Chem 0.3 (Chem.0.3.0-8b678c) is released, providing for a number of great performance improvements and new functionalities.
grok.chem.substructureSearch now provides for both “naive” graph-based search and library-based search via WASM RDKit’s substructLibrary. The latter is chosen as a default for this method. Microbenchmarks are added too (more on their performance is further). Thanks to Paolo Tosco, we are using a pre-release version of WASM RDKit containing substructLibrary methods. This version will soon be merged to RDKit’s MinimalLib master.
RDKit-based rendering is now supplied with LRU-caching of RDKit’s molecule structures for both rendered as-is and scaffold-aligned renders. The Coordgen-based rendering is turned off by default (until we improve upon this further in Chem), providing for better scrolling experience.
All this is offered completely in the browser, without involving any server-based computations.
One area of particular interest for our users was the performance of substructure search. In fact, already with “naive” graph-based search, where we match the given pattern molecule to every entry of a dictionary in a loop using get_substruct_match, the performance was reasonable on small datasets. Yet, this wasn’t a match for the most typical use case, where many subsequent pattern searches are applied to a single dataset which changes rarely.
That’s were the RDKit’s substructLibrary comes in handy. It first allows building the so-called library, to which we perform further pattern searches against. Let’s look at some of our micro-benchmarking results of the discussed approach. We are taking a large dataset of 40 000+ molecules, and do a search for 3 small patterns written in SMILES: [
'CC' (ethane)]. We linearly increase the dataset being sought through from 2’000 to 12’000 molecules and track the performance of these 3 searches altogether, averaged on 10 independent runs. For the input file demo/chem/zbb/99_p3_4.5-6.csv it is in the picture bottom, and for demo/chem/zbb/99_p1_ph6-8.csv it is in the picture top.
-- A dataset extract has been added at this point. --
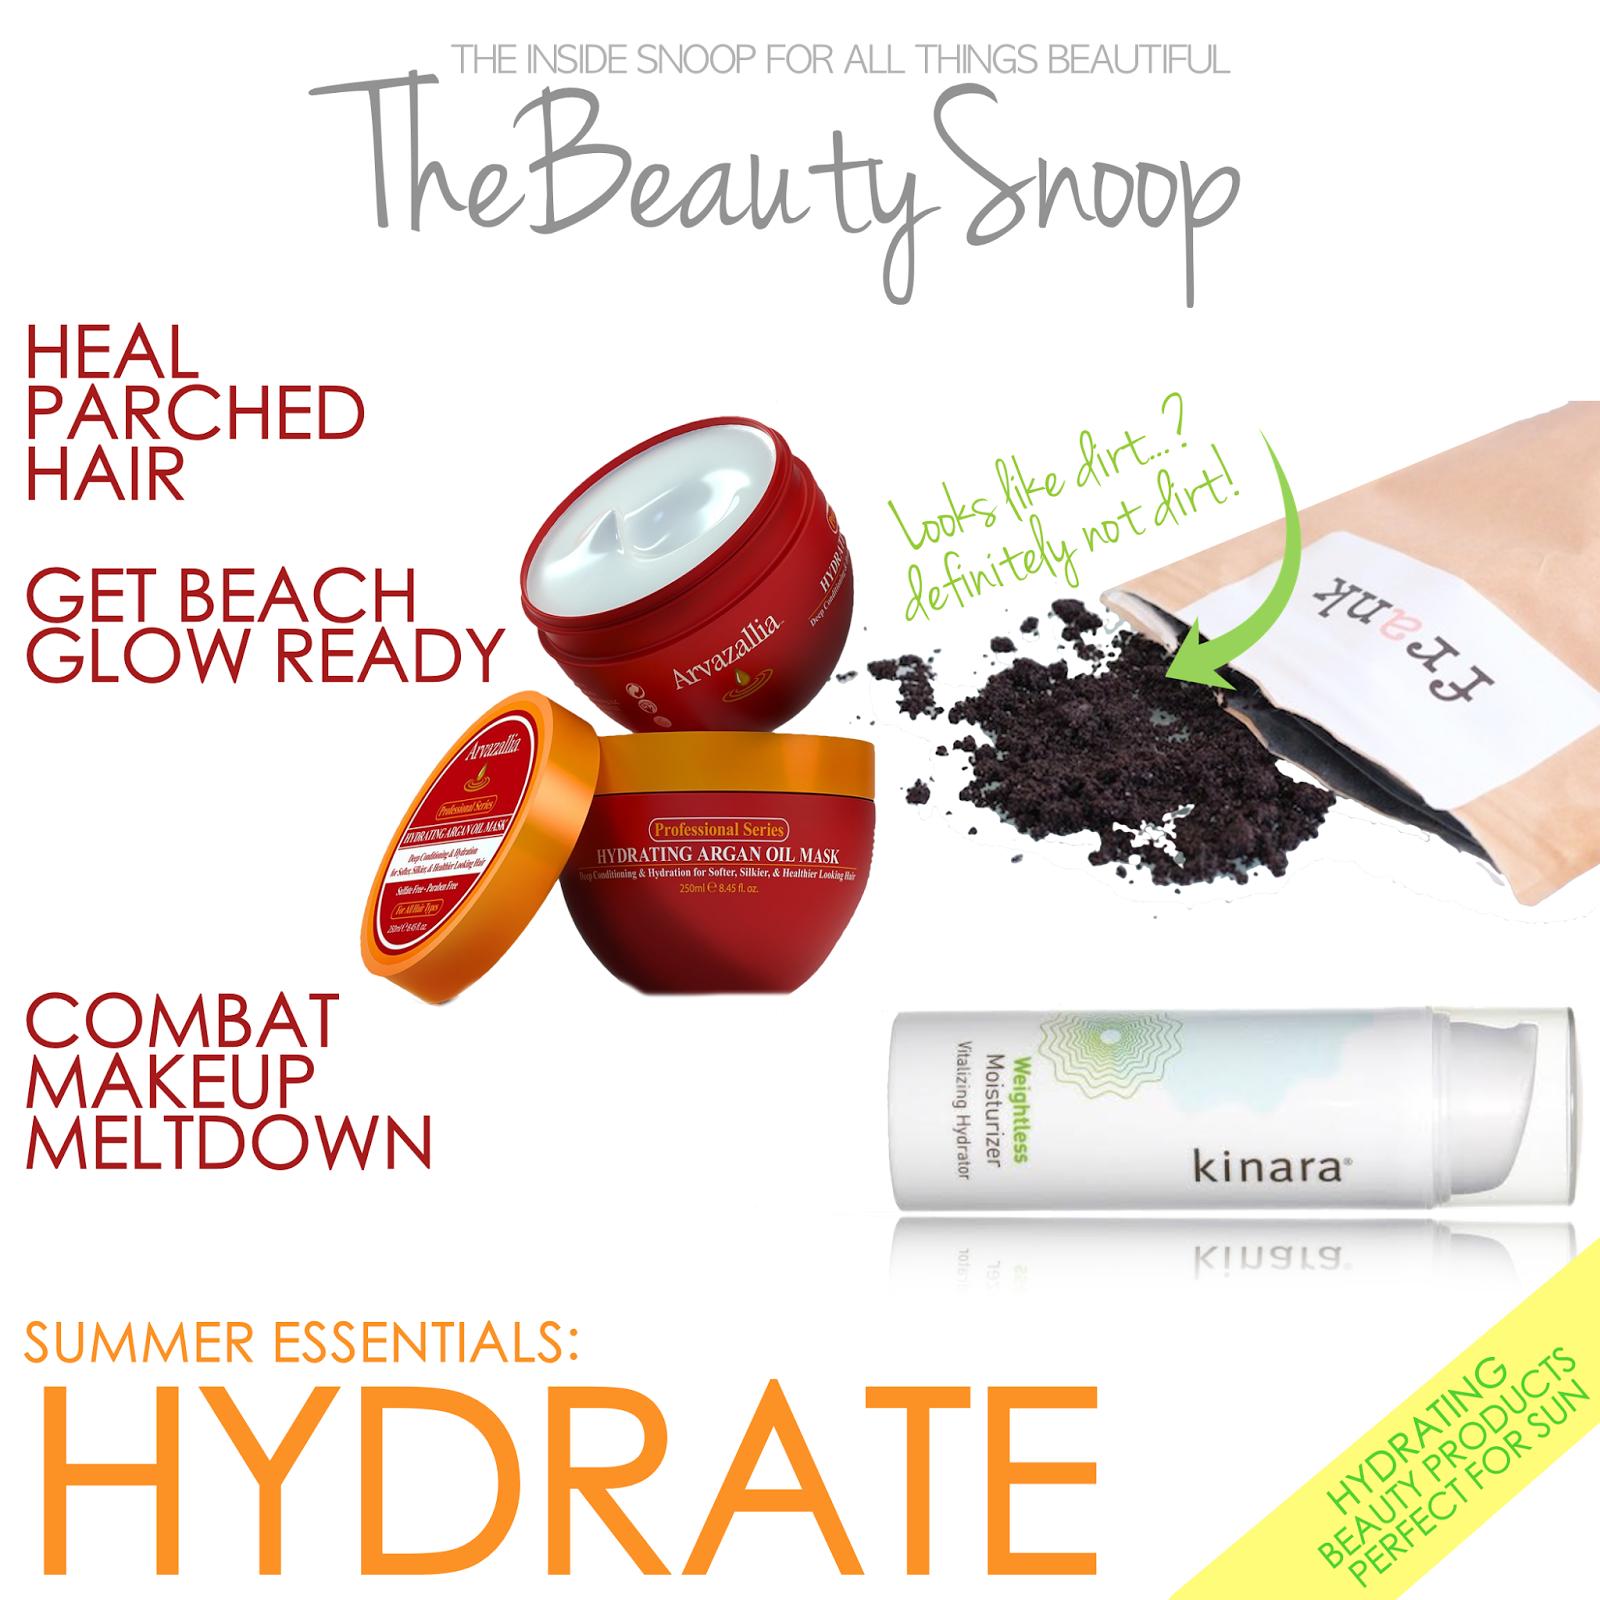 Kinara moisturizer, Frank body scrub, Arvazallia Argon Mask review

You can check these numbers here at Datagrok https://public.datagrok.ai/p/d9f38d00-2e30-11eb-eb2f-cf7849c78d19. We encourage you to try the microbenchmark yourself and get the figures on your computer: https://public.datagrok.ai/js/samples/domains/chem/substructure-search-library.
It’s clear how faster the substructLibrary-based search is compared to a graph-based one. 10x speed-up is a consistent observation on both 99_p3_4.5-6.csv and 99_p1_ph6-8.csv. We also see that the initialization time of the library is linearly dependant on the dataset size being indexed, and is roughly comparable in time to just a single graph-based substructure search.
These numbers are already great, yet there is a good room for improvements in going parallel and enabling library construction using pthreads via WASM. In fact, the infrastructure for that is already in-place, and we are already figuring out the details of making these threads work efficiently on WebAssembly.
Some plans for the future versions of Chem:
- Make a choice of either OCL or RDKit-based rendering as a package option.
- Make a Coordgen-based or RDKit-native rendering as a package option.
- Add caching (precomputed search structure) to similarity scoring in a similar fashion to substructure search.
- Detach computations in all the cheminformatics methods from the main thread via a standalone JS web worker. That should improve the user experience, as the UI won’t be blocked on processing large pieces of data, even if this is blocked for a few seconds.
- Speed up similarity scoring dictionary search dictionary preparation via parallel computation on JS web workers.
- Speed up substructure search library creation via activating pthread-based parallelism already provided in substructLibrary, but for its WASM version which we are using right now.
Please let us know of the other possible improvements to the cheminformatics functionality shipped via the browser, as well as whether you’d want to see more microbenchmarks from the Datagrok team. We are also going to implement an advanced benchmark based on the summary.